Wednesday, April 6, 2016

A Jesus Kind of Church

The church can only be the conduit of God’s love if it stops judging others (See yesterday’s post). This means that it will stop being concerned about its reputation in the eyes of those who practice this religious judgment. The only reputation we need be concerned with is to have the one Jesus had. He was known for his unprecedented love, by those who would receive it, and scorned for his irreligious attitudes, by those who would not.

Jesus’ religious reputation was tarnished in the eyes of religious people because he did not honor many of the religious taboos of his day. Walking in unity with the Father, Jesus possessed a joyful freedom—a kind of recklessness—that was scandalous to those whose worth was derived from their supposed ability to judge good and evil. Jesus hung out with women, some of whom had tarnished reputations. He fellowshipped with tax collectors, drunkards, and other sinners. He healed and fellowshipped with lepers. He praised Gentiles, Samaritans, and even prostitutes and tax collectors over respected Jewish religious leaders.

Among the religious, Jesus’ reputation was dishonorable. But Jesus wasn’t concerned about his reputation. Jesus came to heal the sick, not to placate the religious sensibilities of those who thought they were healthy (Mark 2:17). To heal the sick, you have to love the sick. And this means you have to ignore what those who (mistakenly) think they’re healthy think about you!

The singular task of the church is to replicate this eternal, reckless love to the world. One indication that we are doing our job well is that sinners on the fringes of society will be enjoying fellowship with us, as they did with Jesus. Another indication, directly resulting from this, is that those who judge by religious standards (they eat from the Tree of Knowledge of Good and Evil) will judge us.

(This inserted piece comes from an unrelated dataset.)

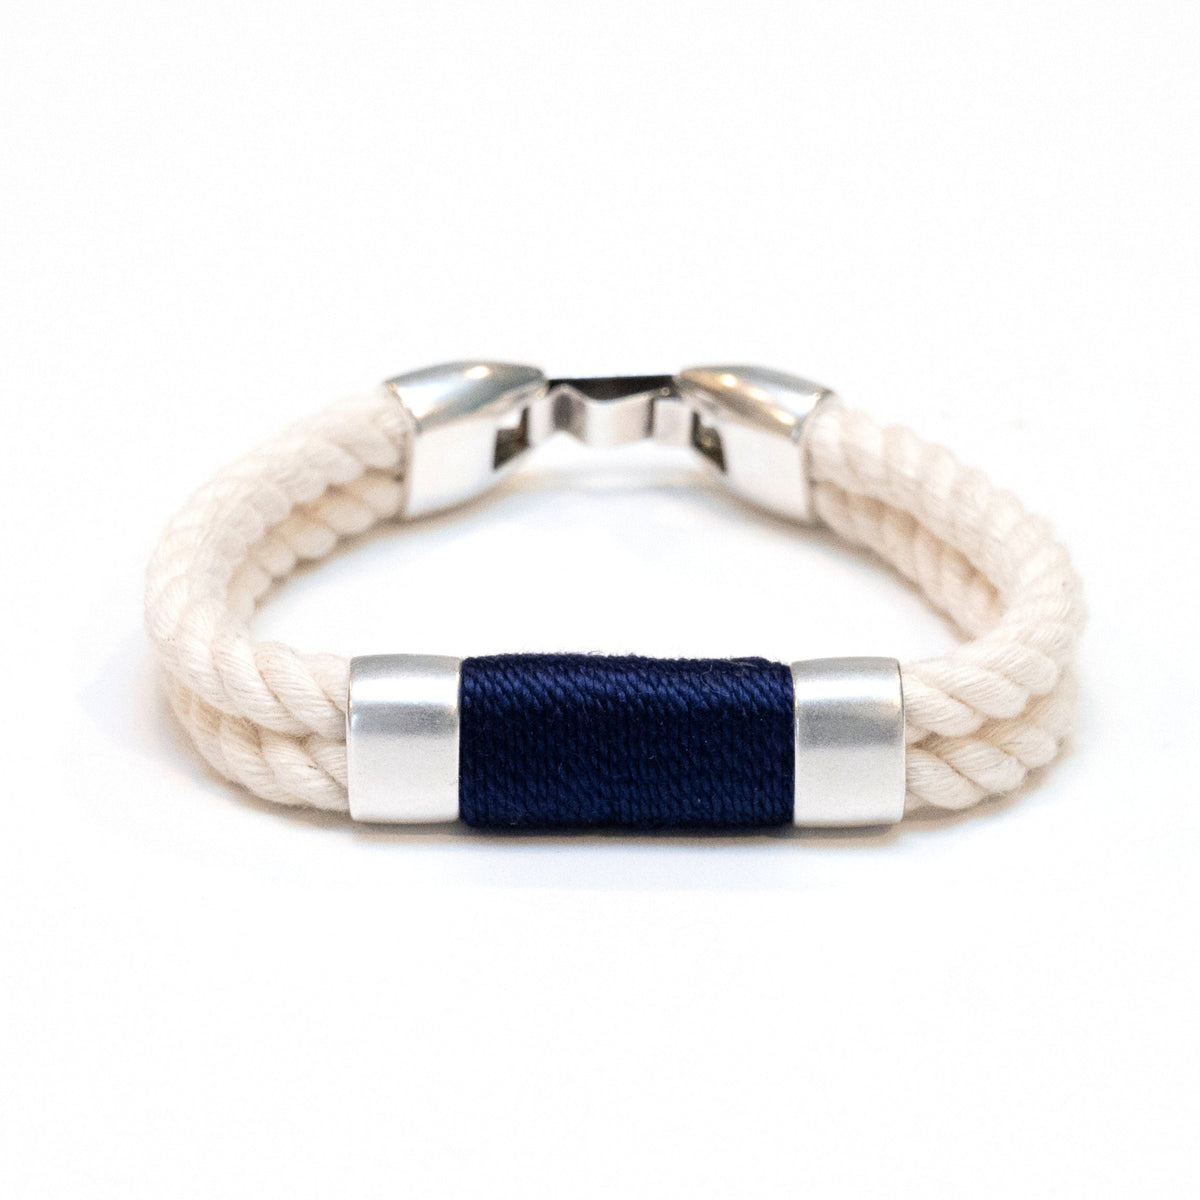 Tremont - Ivory/Navy/Silver

If, for example, a church treats the LGBT community with the same compassion religious judges extend toward divorced folks or people who struggle with weight issues, its leaders will likely be condemned as “compromising the Word of God” by these judges. Such a church is sinning against the (self-serving) knowledge of good and evil from which the religious judges feed. Consequently, the judges will likely feel as though their god has been assaulted, and, as a matter a fact, it has! As idolatrous people often do when their gods are threatened, they may rage. They did so with Jesus, and they will do so today when a church looks like Jesus.

A church that celebrates the cessation of judgment and loves as God loves has to be willing to have their reckless love scorned as compromising, relativistic, liberal, soft on doctrine, or antireligious. After all, what kind of church attracts and embraces prostitutes, drunkards, gays, and drug addicts? What kind of church routinely has smokers, drinkers, gamblers, and bums ushering in their services, hanging out in their small groups, singing in their choir, signing up for classes, etc.—without anyone immediately confronting their sin? What kind of church would accept a woman who was still living with a man out of wedlock after having gone through five marriages? (See John 4:1-26). What kind of church blurs the boundary between those who are “in” and those who are “out” to this degree?


The answer is a Jesus kind of church. —Adapted from Repenting of Religion, pages 196-198.